20Они славно попировали и теперь, довольные собой, довольные удачей, уходили в глубину леса. А следом за ними мчался Буран. Он и хозяин уже схоронили Сану. Станеев отправился домой. Буран отстал от него и свернул в сторону.
Их было пятеро. Он увидал это, когда наискосок перебежал рям. Пятерым хищникам пес не страшен.
Однако, увидав волкодава, звери перетрусили: ведь следом за ним мог появиться охотник.
Охотник не появлялся. И, отбежав подальше, они, не сговариваясь, оцепили волкодава, постепенно сужая кольцо...
– Буранушко! – кинулась к нему женщина. – Ты меня встречаешь? Какой же ты молодец!
Нет, это уже не виденье. Этот голос, эти терпкие запахи, эти руки, оглаживающие его искалеченное тело, – все, все подлинное, живое!
– Ты дрался? Ты с кем дрался, дружок? – Пес прижался к ее ноге, жалуясь и слабо, но все-таки счастливо поскуливая от того, что увидел ее и что теперь есть кому пожаловаться. – Волки?! Опять эти твари? Ненавижу! Ненавижу их! – вскрикнула женщина, и пара волков, услыхав ее яростный возглас, кинулись опрометью в лес.
Раиса достала платок и принялась перевязывать заднюю, откушенную Буранову лапу. Шарфом накрыла рваную рану на шее и повела волкодава к избушке, наговаривая ему самые ласковые, самые искренние слова.
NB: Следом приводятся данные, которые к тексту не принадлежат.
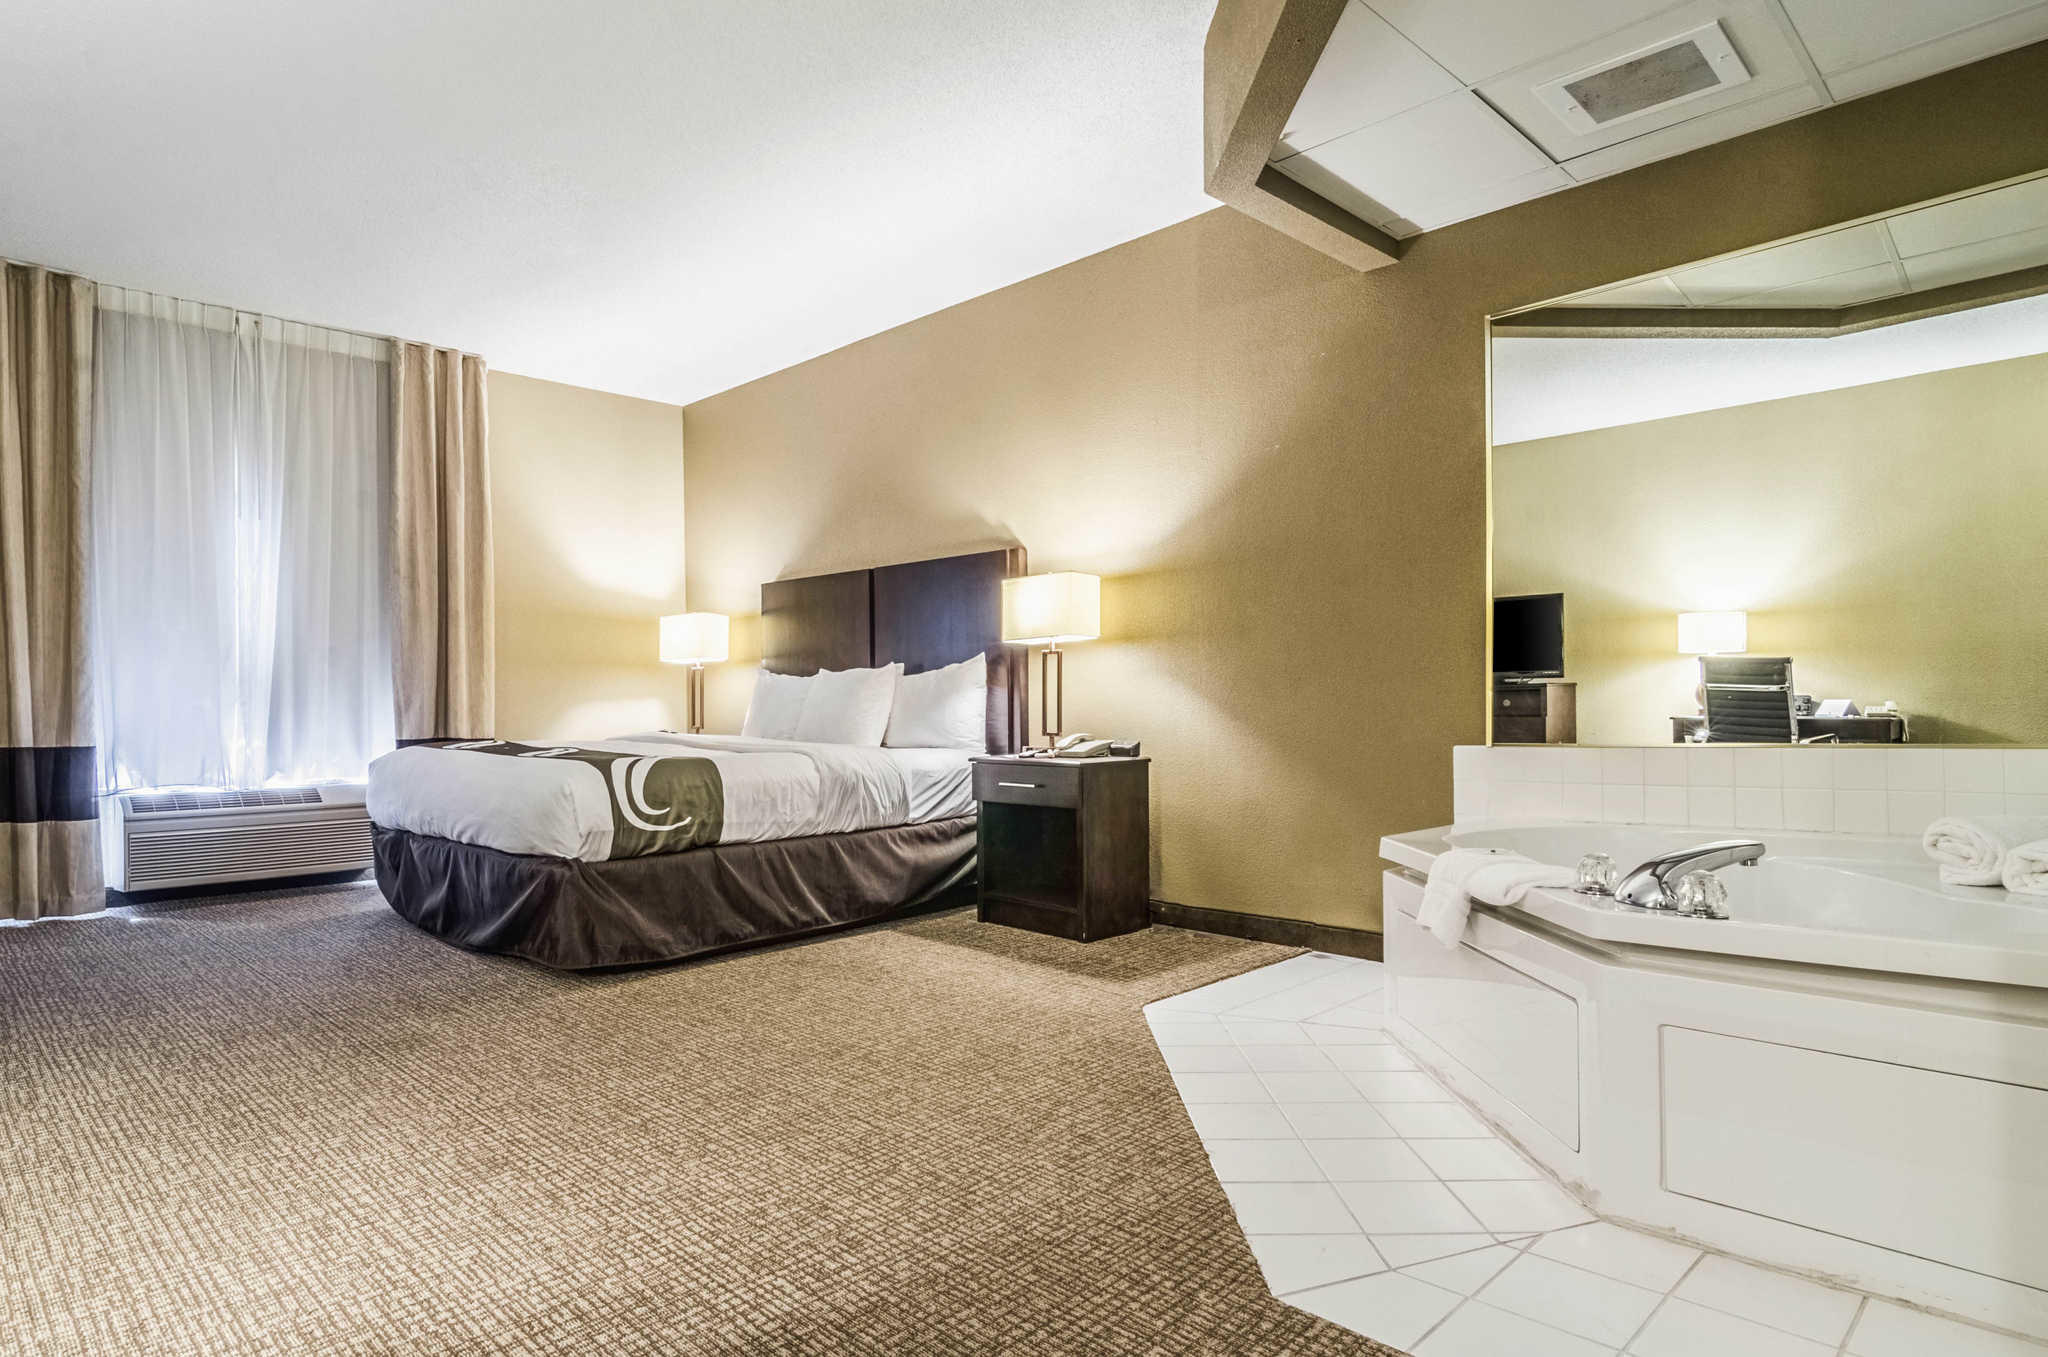 Quality Suites image 11

«Мне хорошо теперь, – читалось во взгляде Бурана. – Мне покойно. Я ждал тебя и потому не умирал...»
– Я знаю, ты ждал. Ты славный, Буран! Ты очень славный парень! Как жаль, что меня не было с тобой!..
Но вот и избушка. И навстречу с фоторужьем вышел хозяин. Размахнувшись, грохнул ружьем об угол избушки, и оно рассыпалось. Станеев наклонился и долго рассматривал останки фотографического прибора, словно никогда их до этого не видел.
– Неладно что-то в Датском королевстве, – сказала Раиса, подойдя к нему вплотную. Пес отстал от нее и теперь раскачивался метрах в пятнадцати. – Бурана волки порвали.
– А? – Хозяин нехотя оторвался от своих наблюдений, рассеянно кивнул ей, поздоровался.
– Я говорю, волки Бурана порвали.
– Где он?
Пес был уже нигде. Он перестал раскачиваться, подогнул ноги и умер.
– Вот так-то, Юрий Павлович, – склонившись над ним, проговорила Раиса.
Станеев вырыл в снегу глубокую яму, устлал яму лапником, а поверх всего Раиса положила старую шубу, в которую завернули скончавшегося Бурана.
– Ему много досталось на этом свете... Пусть хоть на том свете будет тепло, – прощаясь с волкодавом, сказала Раиса и, как на могилу близкого человека, бросила ком снега.
А когда могилу зарыли, эти двое долго еще стояли около могилы и молчали.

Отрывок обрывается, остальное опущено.